I have been using F# on Linux for the past four years for some heavy algorithmic work. Our team develops on both Windows and Linux, and we typically run our code on Linux servers. Although there are some rough edges, the situation has improved enormously over this time. The quality of support for MSBuild is one example, that now works well, but was very difficult a few years ago. Probably the most troublesome aspect is having to do a lot of compilation of packages from source yourself, as Mono in many distributions is incredibly out of date. Debian testing does now have a fairly recent Mono and F# 3.0 though. I think that Monodevelop 5 is a solid alternative to Visual Studio as well by this point.

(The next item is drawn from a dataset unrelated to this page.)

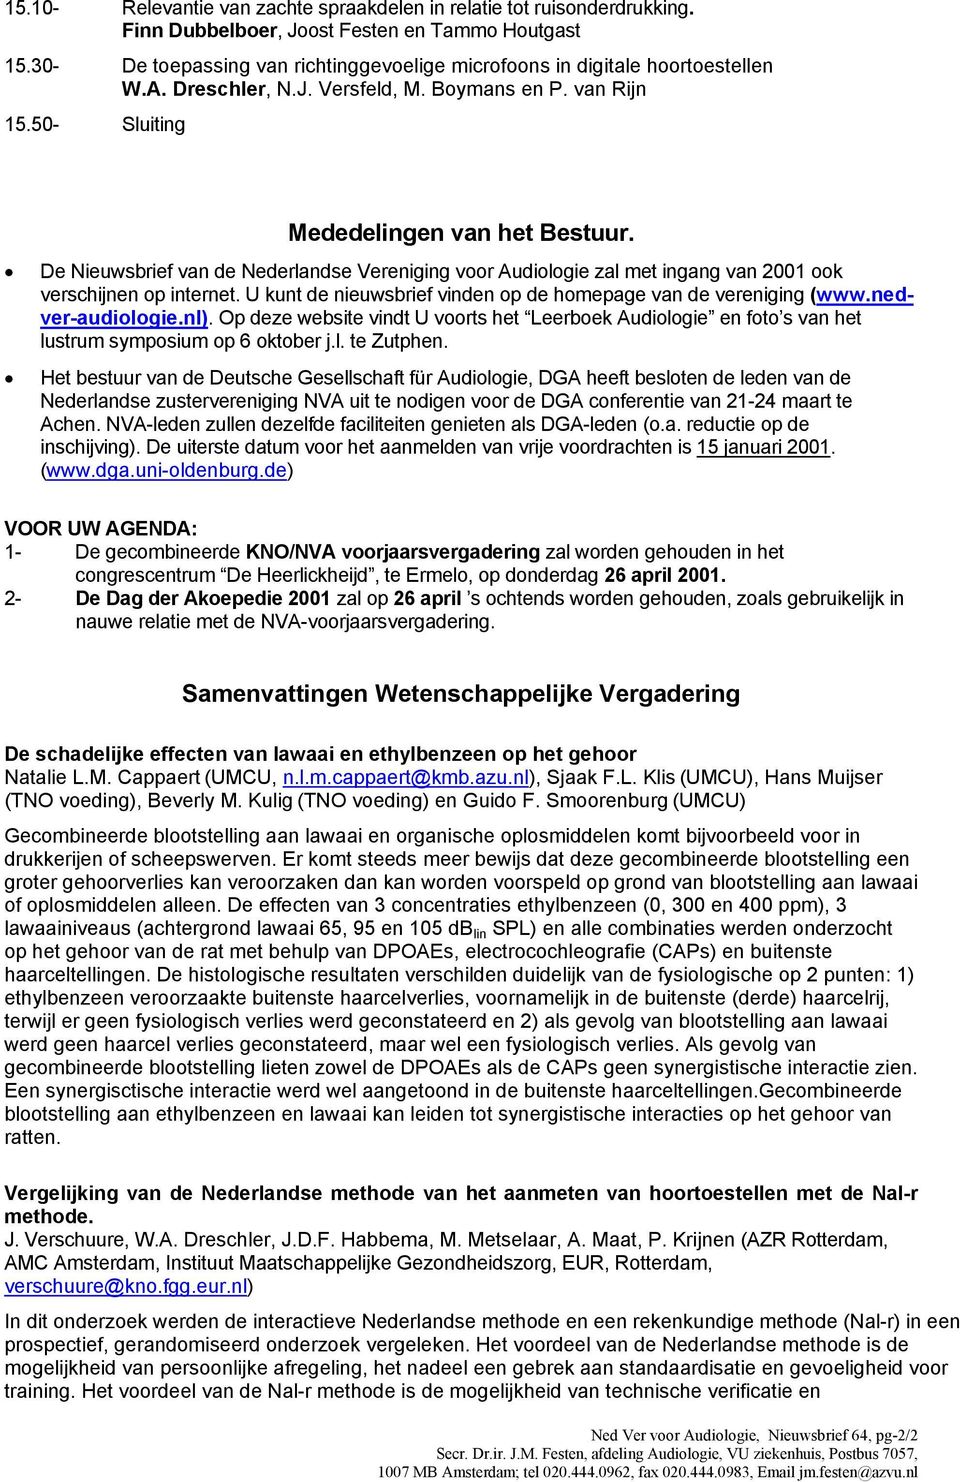 De Nieuwsbrief van de Nederlandse Vereniging voor Audiologie zal met ingang van 2001 ook verschijnen op internet. U kunt de nieuwsbrief vinden op de homepage van de vereniging (www.nedver-audiologie.

Deploying an application is fairly easy, it doesn't require the user to have F#, as you can just bundle FSharp.Core with the application.

Performance-wise, for our CPU-bound loads, we didn't see any significant different between Windows and Linux. The only thing is that it is simple to use ngen on Windows to avoid JIT startup overhead and this is not straightforward with Mono.

To be honest, I think calling Mono + F# a "first-class citizen" would be going a bit far, but it is fairly solid in my experience. When it has come to bugs in the Mono runtime that affect F# in the past, I found that Xamarin dealt with them quickly. I am optimistic.

Hope that helps,
Robin

Kevin Ransom (MSFT)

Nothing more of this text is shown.